# What you have to do
In the records that follow, the lines from the one containing "poster_whitney.jpg" to the one containing "Main Image - Chelsea", inclusive, are to be given again exactly.

# Provided records
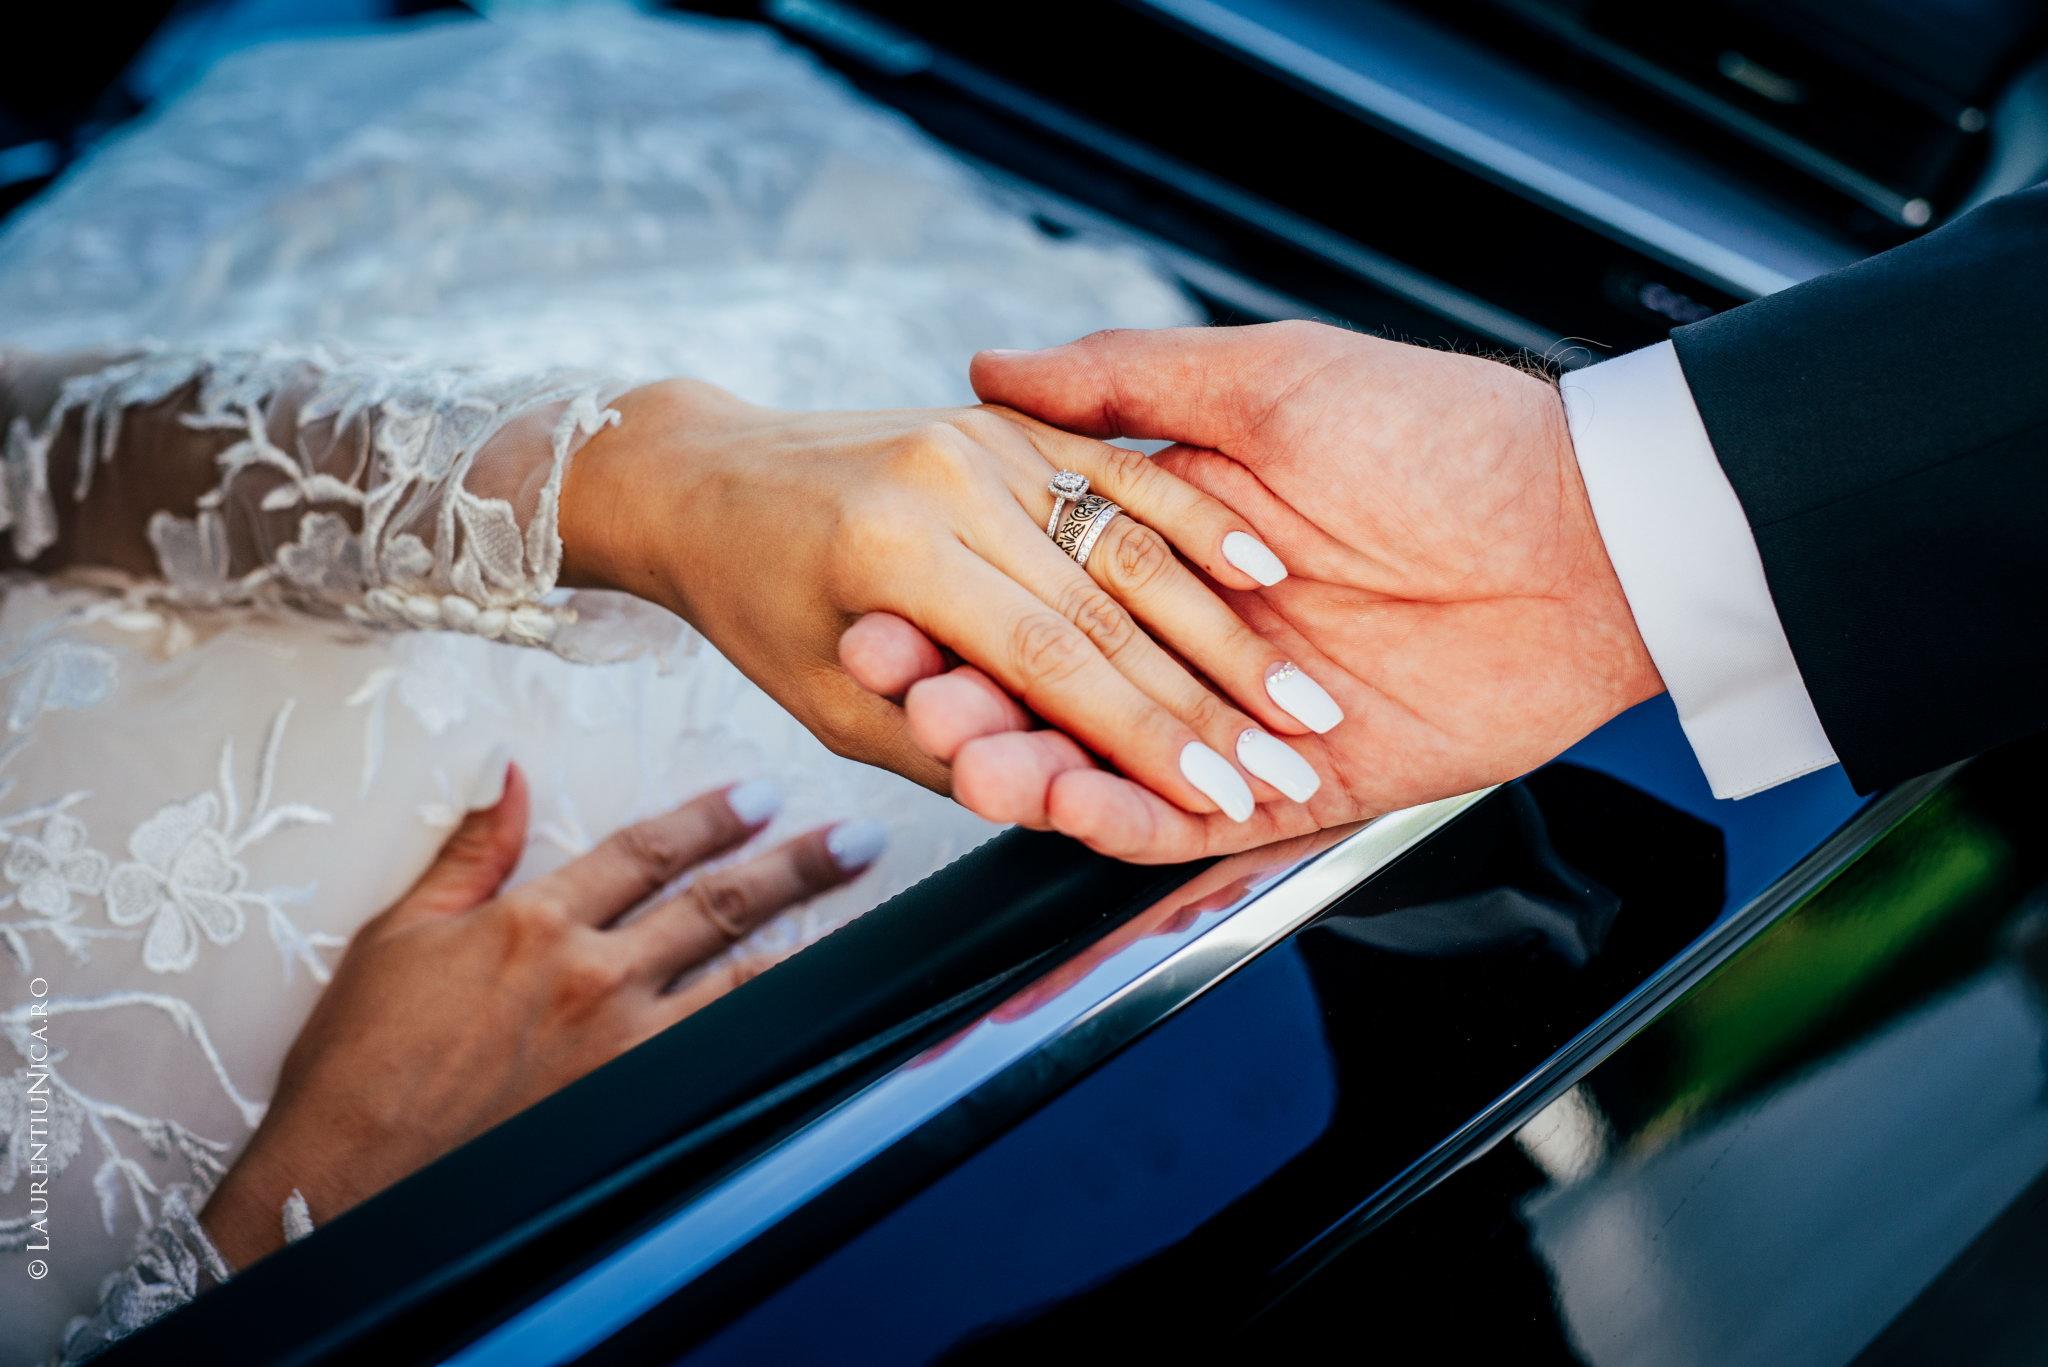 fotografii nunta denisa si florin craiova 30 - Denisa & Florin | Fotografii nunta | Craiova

...

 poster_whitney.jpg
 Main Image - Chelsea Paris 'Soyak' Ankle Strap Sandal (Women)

# Answer to the problem
 poster_whitney.jpg
 Main Image - Chelsea Paris 'Soyak' Ankle Strap Sandal (Women)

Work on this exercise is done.